Long-term organ damage accrual and safety in patients with SLE treated with belimumab plus standard of care

Abstract

Objective: To examine long-term organ damage and safety following treatment with belimumab plus standard of care (SoC) in patients with systemic lupus erythematosus (SLE).

Methods: Pooled data were examined from two ongoing open-label studies that enrolled patients who completed BLISS-52 or BLISS-76. Patients received belimumab every four weeks plus SoC. SLICC Damage Index (SDI) values were assessed every 48 weeks (study years) following belimumab initiation (baseline). The primary endpoint was change in SDI from baseline at study years 5-6. Incidences of adverse events (AEs) were reported for the entire study period.

Results: The modified intent-to-treat (MITT) population comprised 998 patients. At baseline, 940 (94.2%) were female, mean (SD) age was 38.7 (11.49) years, and disease duration was 6.7 (6.24) years. The mean (SD) SELENA-SLEDAI and SDI scores were 8.2 (4.18) and 0.7 (1.19), respectively; 411 (41.2%) patients had organ damage (SDI = 1: 235 (23.5%); SDI ≥ 2: 176 (17.6%)) prior to belimumab. A total of 427 (42.8%) patients withdrew overall; the most common reasons were patient request (16.8%) and AEs (8.5%).The mean (SD) change in SDI was +0.2 (0.48) at study years 5-6 (n = 403); 343 (85.1%) patients had no change from baseline in SDI score (SDI +1: 46 (11.4%), SDI +2: 13 (3.2%), SDI +3: 1 (0.2%)). Of patients without organ damage at baseline, 211/241 (87.6%) had no change in SDI and the mean change (SD) in SDI was +0.2 (0.44). Of patients with organ damage at baseline, 132/162 (81.5%) had no change in SDI and the mean (SD) change in SDI was +0.2 (0.53). The probability of not having a worsening in SDI score was 0.88 (95% CI: 0.85, 0.91) and 0.75 (0.67, 0.81) in those without and with baseline damage, respectively (post hoc analysis).Drug-related AEs were reported for 433 (43.4%) patients; infections/infestations (282, 28.3%) and gastrointestinal disorders (139, 13.9%) were the most common.

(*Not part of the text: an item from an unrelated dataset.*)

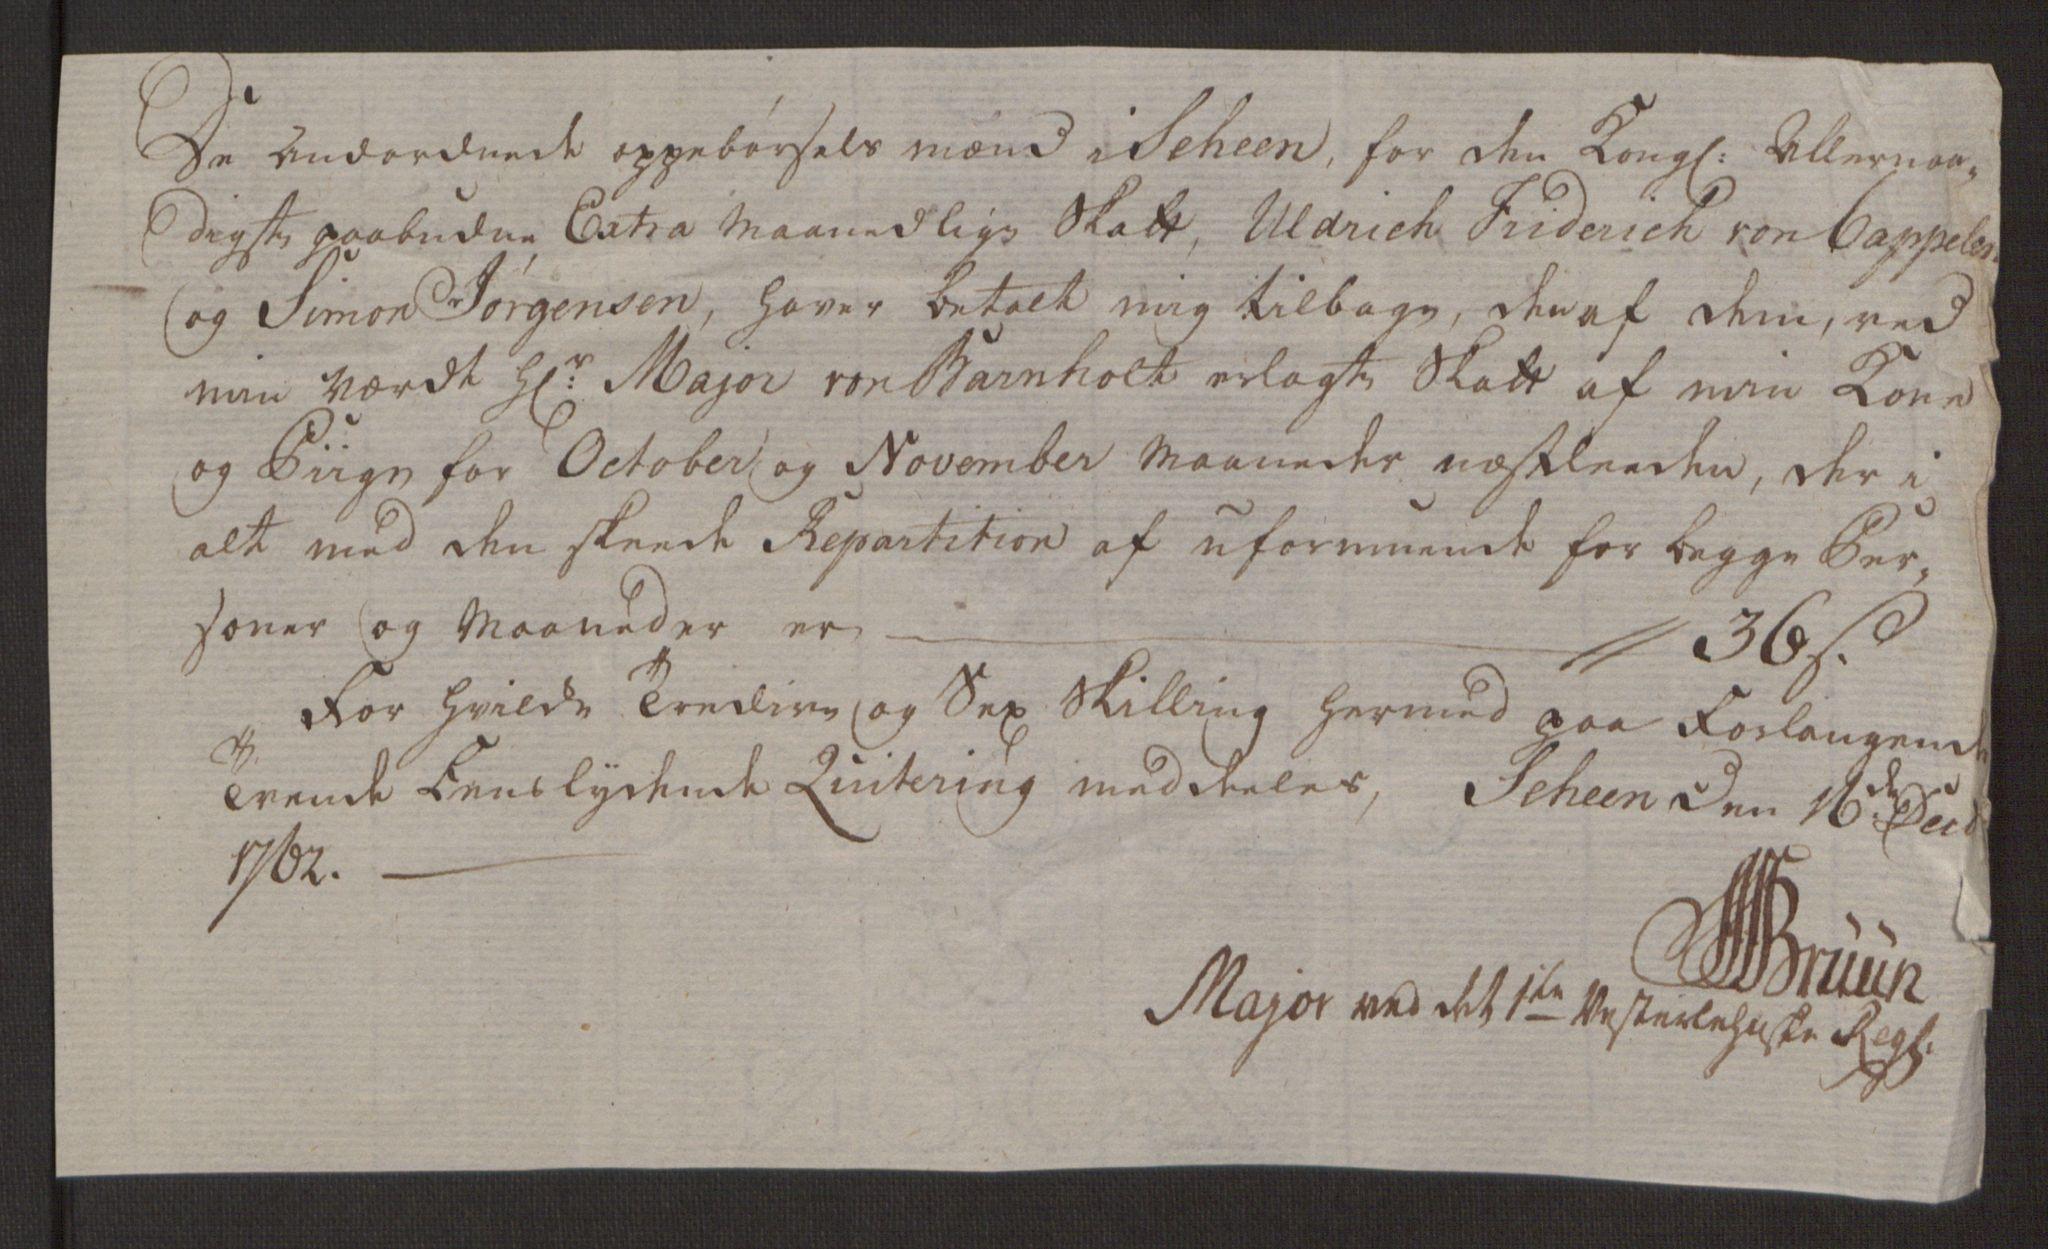 RA, Rentekammeret inntil 1814, Reviderte regnskaper, Byregnskaper, R/Rj/L0198: [J4] Kontribusjonsregnskap, 1762-1768, s. 100
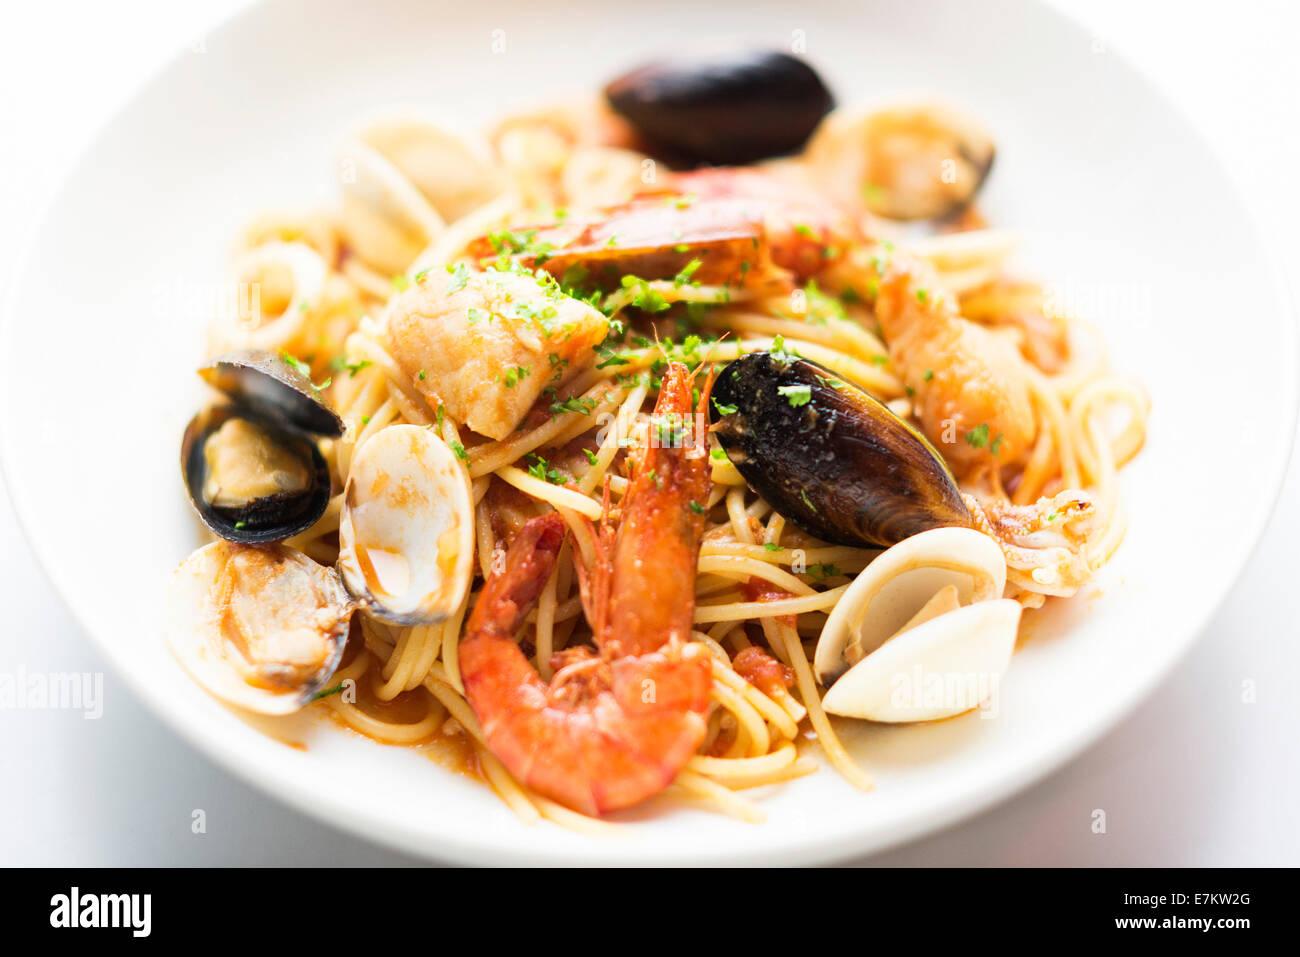 seafood pasta dish detail - Stock Image

Conclusion: Patients with SLE treated with long-term belimumab plus SoC had a low incidence of organ damage accrual and no unexpected AEs. High-risk patients with pre-existing organ damage also had low accrual, suggesting a favorable effect on future damage development.

Keywords: Systemic lupus erythematosus; organ damage; safety.

Figure 1

Summary of patient enrollment in the study. ^aPatient numbers at data cutoff. ^bIncludes 11 individuals who had an exit visit but whose completion status was unknown at data cutoff. Ten of these participants were subsequently recorded as completing the study; one withdrew as a result of investigator decision. AE: adverse event; MITT: modified intent-to-treat; SDI: Systemic Lupus International Collaborating Clinics (SLICC)/American College of Rheumatology (ACR) Damage Index.

Figure 2

Change from baseline in total SDI score (a), by baseline SDI score 0 or ≥ 1 (b) and by baseline SELENA-SLEDAI ≤ 9 or ≥ 10 (c) (all MITT population). SELENA-SLEDAI: Safety of Estrogen in Lupus National Assessment-Systemic Lupus Erythematosus Disease Activity Index; SDI: Systemic Lupus International Collaborating Clinics (SLICC)/American College of Rheumatology (ACR) Damage Index; MITT: modified intent-to-treat.

Figure 3

Time to first SDI worsening (a) and by baseline SDI score 0 or ≥ 1 (b) (all MITT population). Patients who withdrew/completed prior to their first worsening are censored at their final SDI assessment date prior to study exit/date cutoff. Patients who withdrew prior to having a post-baseline SDI assessment are censored at day 0 (treatment start date). Patients who had decreases were not included. SDI: Systemic Lupus International Collaborating Clinics (SLICC)/American College of Rheumatology (ACR) Damage Index; MITT: modified intent-to-treat.